Targeted Therapies for NSCLC May Be Underused in Medicaid Programs, Study Results Suggest

Targeted therapies for non–small cell lung cancer (NSCLC) may be underused in many state Medicaid programs, according to study results published in JAMA Network Open.

Drugs targeting specific mutations can significantly improve outcomes for certain patients, including subsets of patients with NSCLC. EGFR variants and ALK rearrangements are the most common targetable variations in NSCLC, and there are currently 8 approved drugs indicated for tumors with these genomic alternations, the study authors noted.

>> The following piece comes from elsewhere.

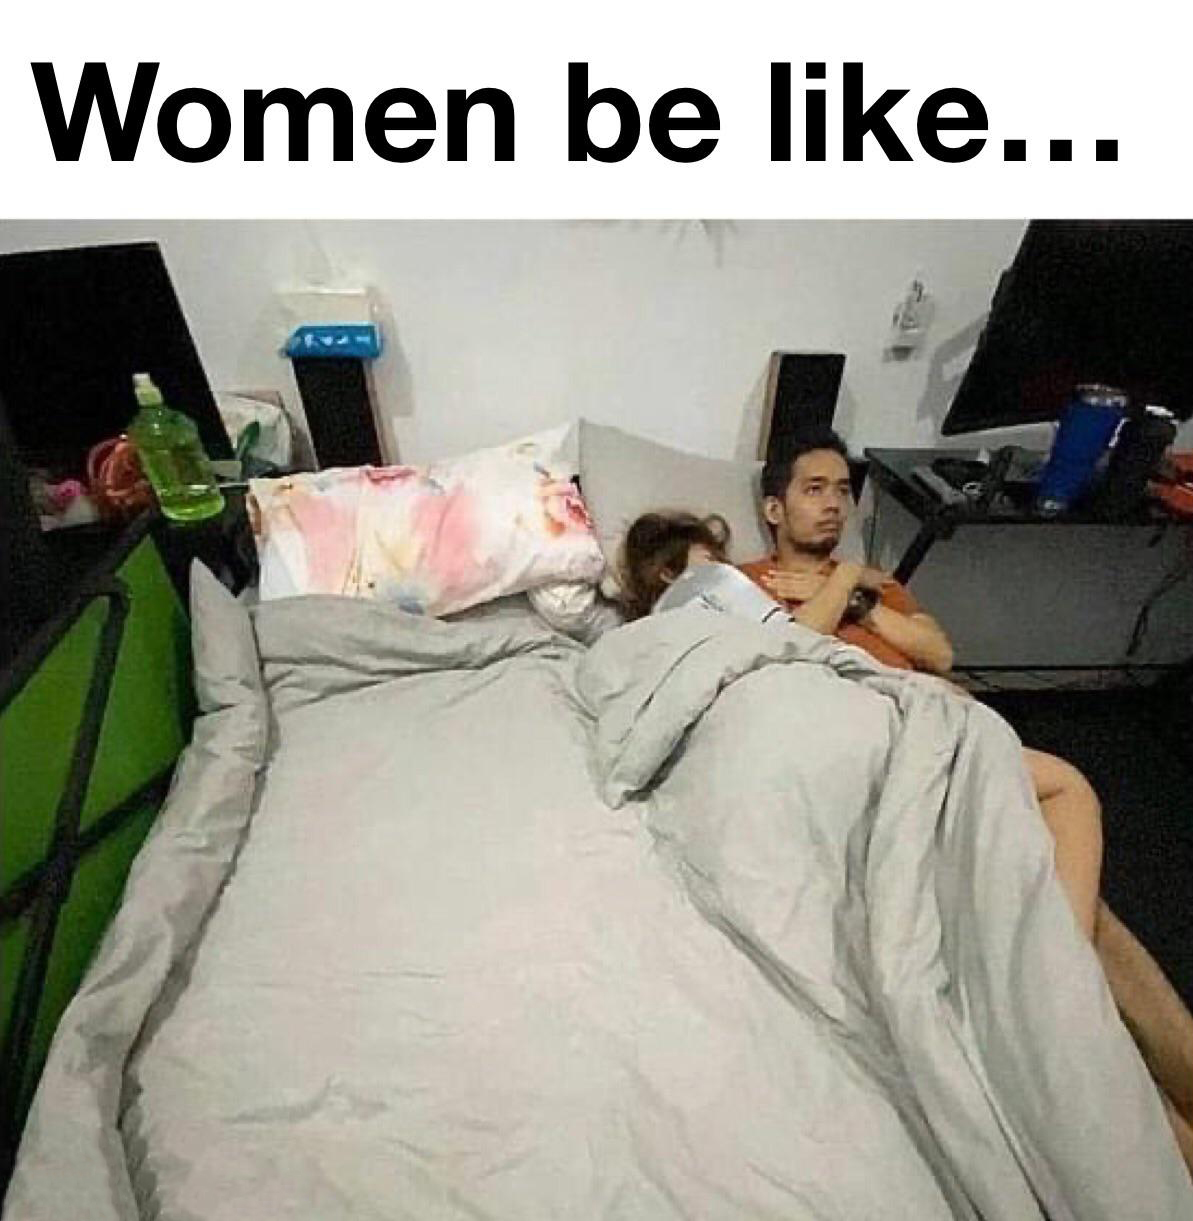 my girlfriend sleeps - Women be ...

Despite the potential benefits of targeted therapy for cancers with certain mutations, prior research suggests that they are underused for patients insured by Medicaid. The high cost of these drugs—both have a list price of more than $150,000 per year of treatment—is a significant barrier to uptake within Medicaid programs, which have fixed overall budgets and are required to cover drugs for almost every FDA-approved indication, the study authors wrote.

Considering that prior research has shown that prescription of expensive drugs varies significantly across state Medicaid programs, the new study specifically explored patterns of use of novel oncology therapies among state Medicaid programs, where data are historically lacking. The authors also aimed to describe factors that may be associated with state-level variation in targeted therapy use for Medicaid patients.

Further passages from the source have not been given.